Oral History | Fortunoff Collection ID: HVT-1414

Videotape testimony of Alice G., who was born in Prešov, Czechoslovakia, in 1924. Mrs. G. describes her youthful patriotism; her happy childhood; resistance of her teachers and parents to her desire for education; her frustrated and insecure mother; being her father's favorite child and his contribution to her "loving and non-ambivalent" religious outlook; and falling in love while in summer camp in 1938. She recalls her mother's decision, following Munich, to emigrate to the United States; antisemitic acts of the Slovaks; the family's purchase of U.S. visas; their train journey via Berlin to Hamburg during Kristallnacht; and arrival in the United States. Mrs.

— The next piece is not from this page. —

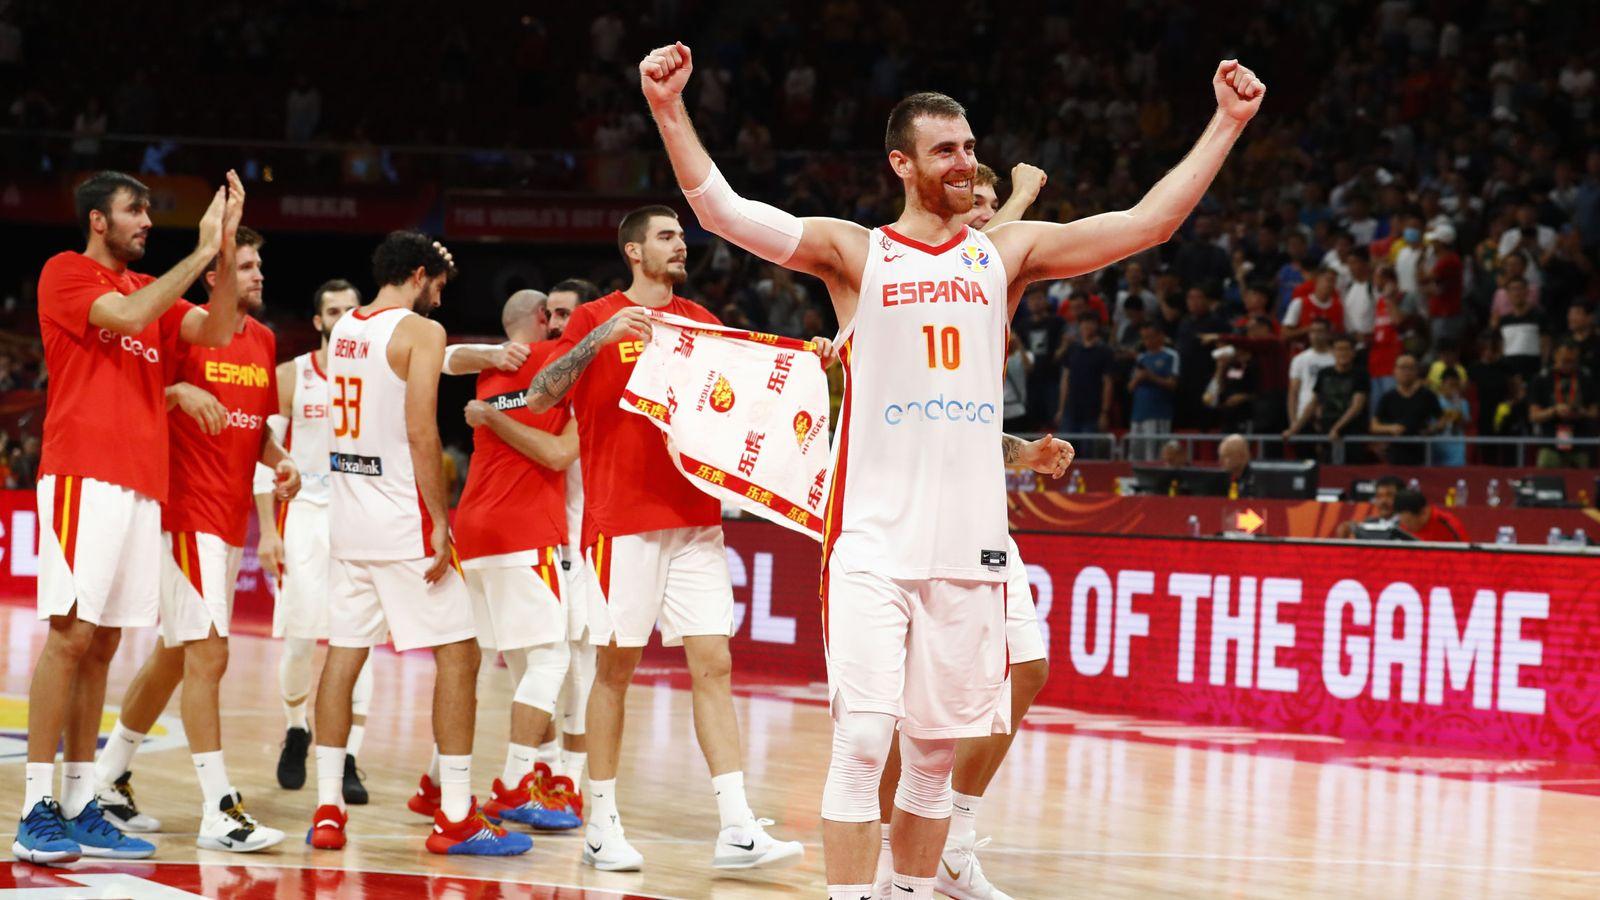 Foto: Basketball - fiba world cup - semi finals - spain v australia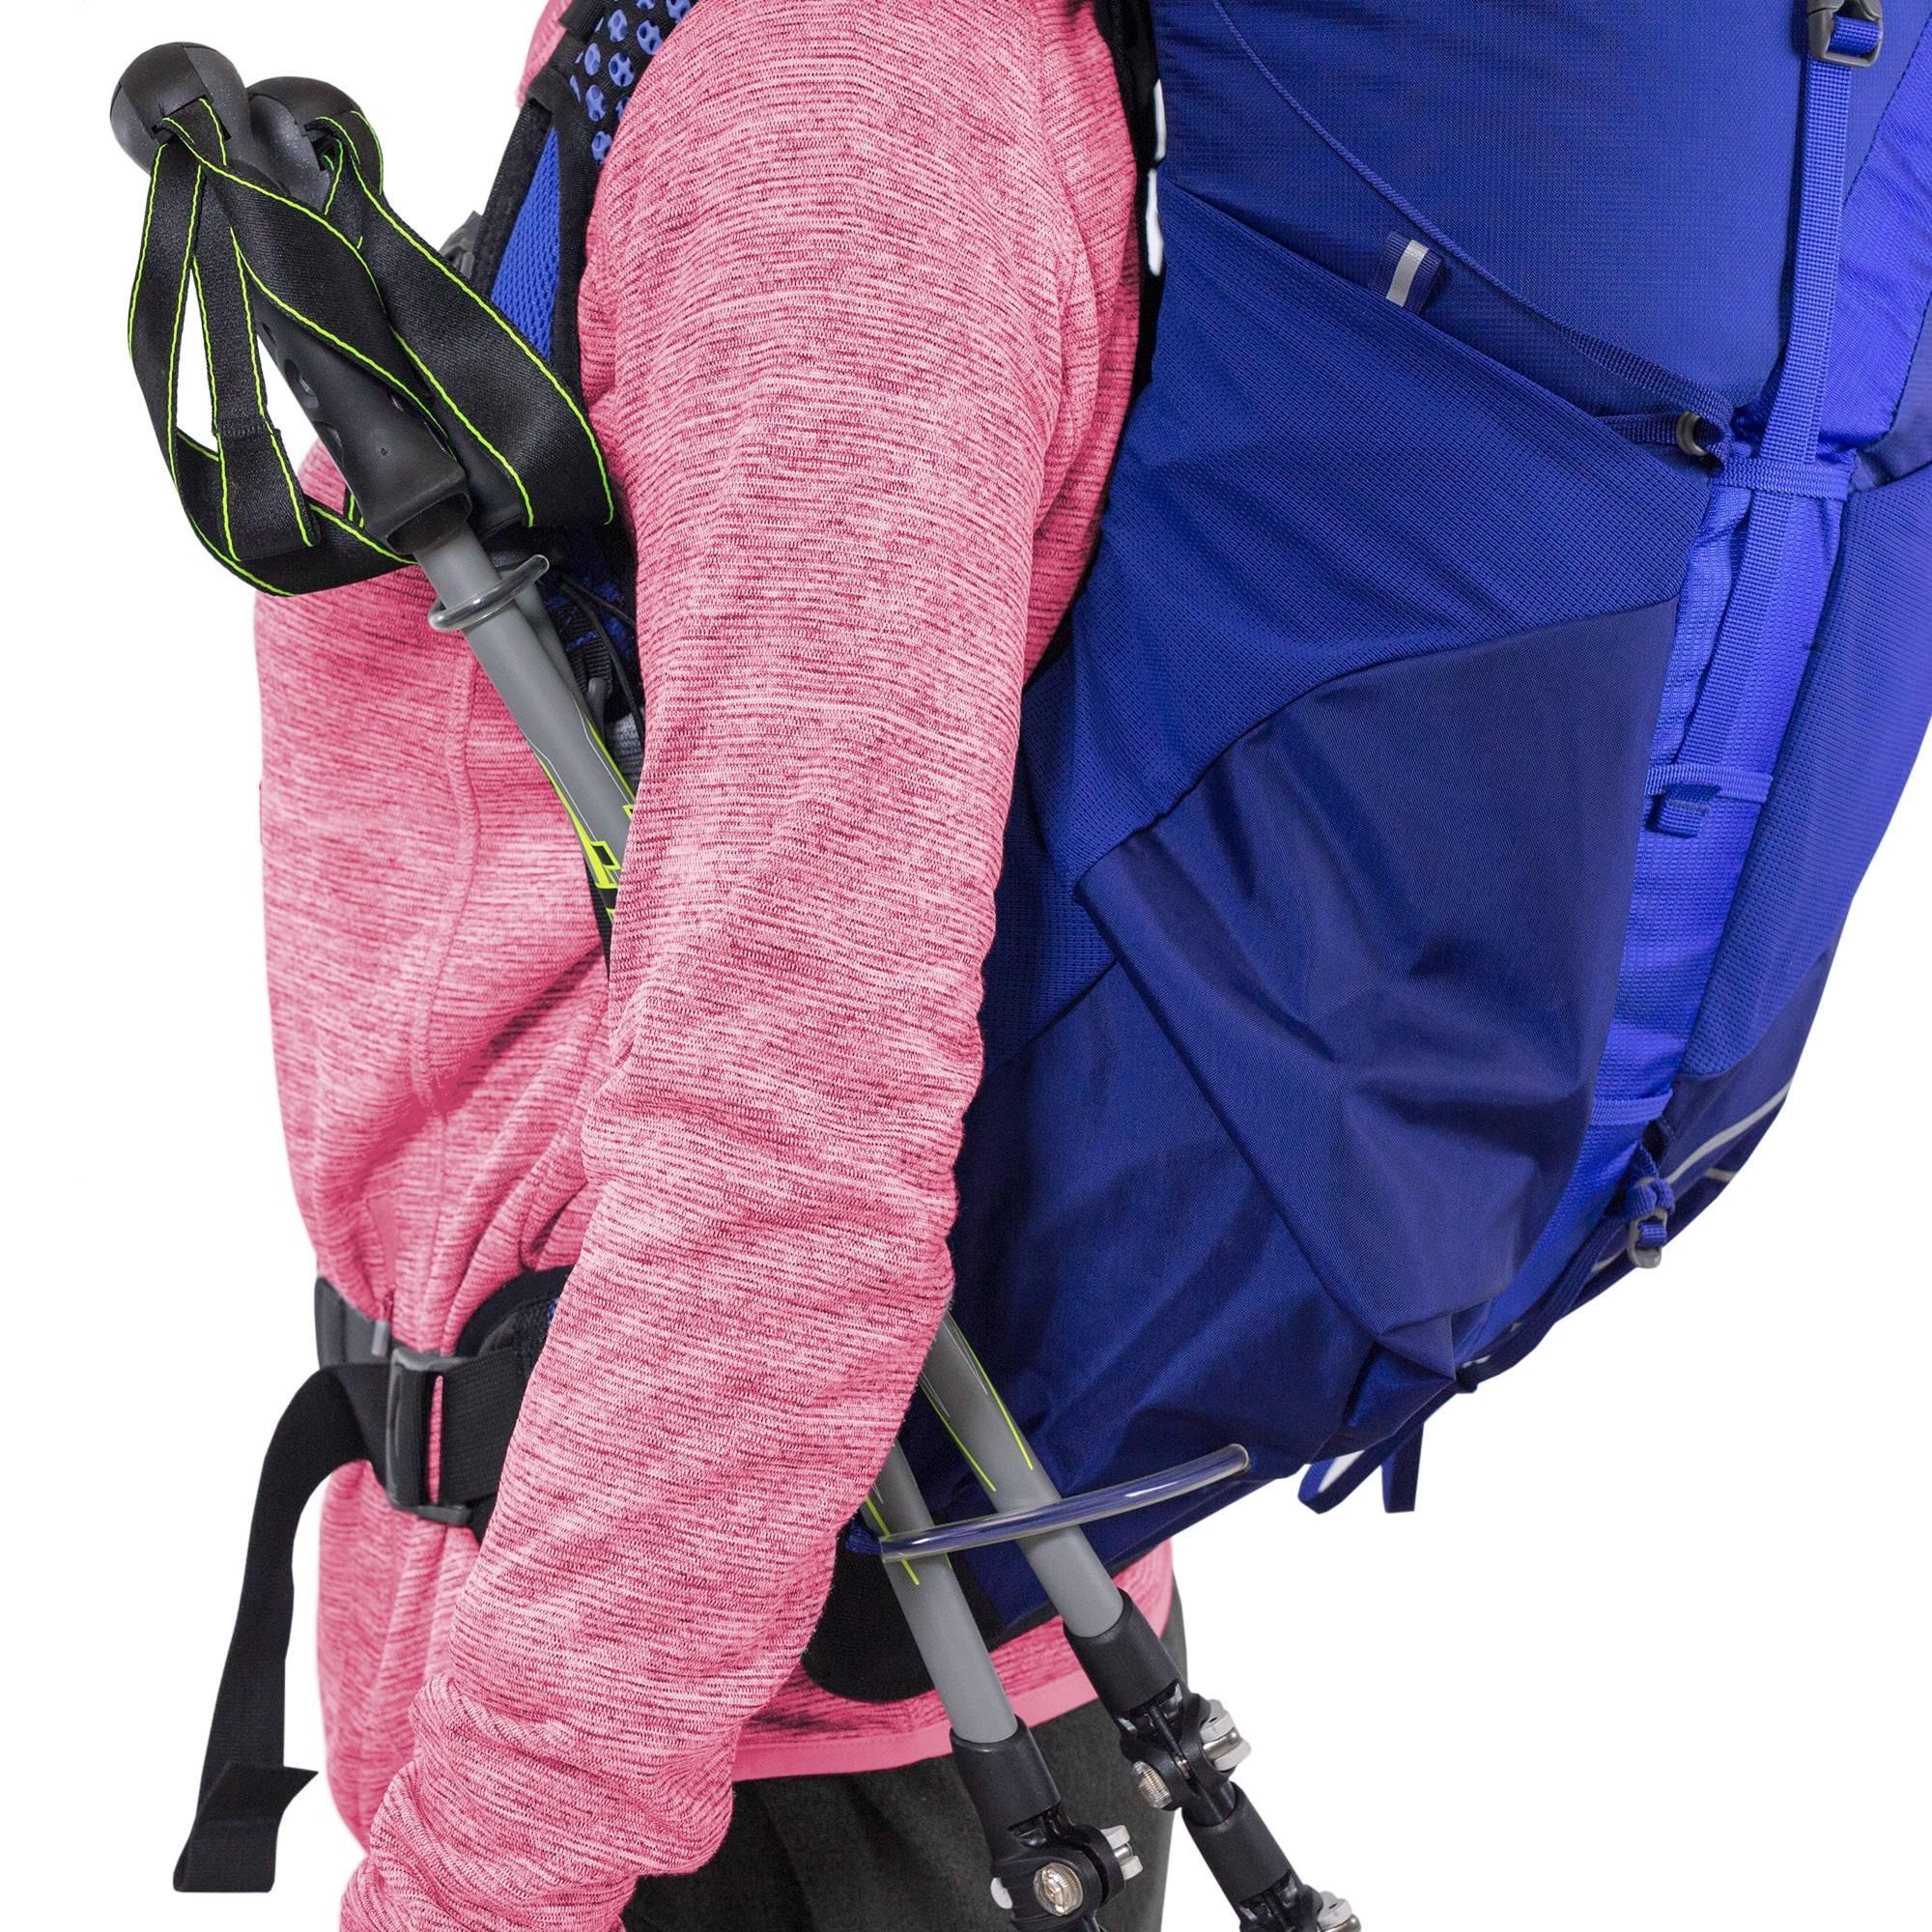 Osprey-Eja-Stow-on-the-Go-trekking-pole-attachment

G.'s account is particularly rich in discussion of her prewar life; adjustment difficulties in America; her years of guilt and depression over the loss of loved ones in Czechoslovakia; attempts to reestablish ties with surviving childhood friends in Israel; and her three trips to Prešov, where it rains during each visit because she hasn't "enough tears to mourn."

Author/Creator
G., Alice, 1924-
Published
New Haven, Conn. : Fortunoff Video Archive for Holocaust Testimonies, 1990
Interview Date
December 19, 1990.
Locale
Czechoslovakia
Prešov (Slovakia)
Berlin (Germany)
Hamburg (Germany)
Language
English
Copies
3 copies: 3/4 in. master; 3/4 in. dub; and 1/2 in. VHS with time coding.
Cite As
Alice G. Holocaust Testimony (HVT-1414). Fortunoff Video Archive for Holocaust Testimonies, Yale University Library.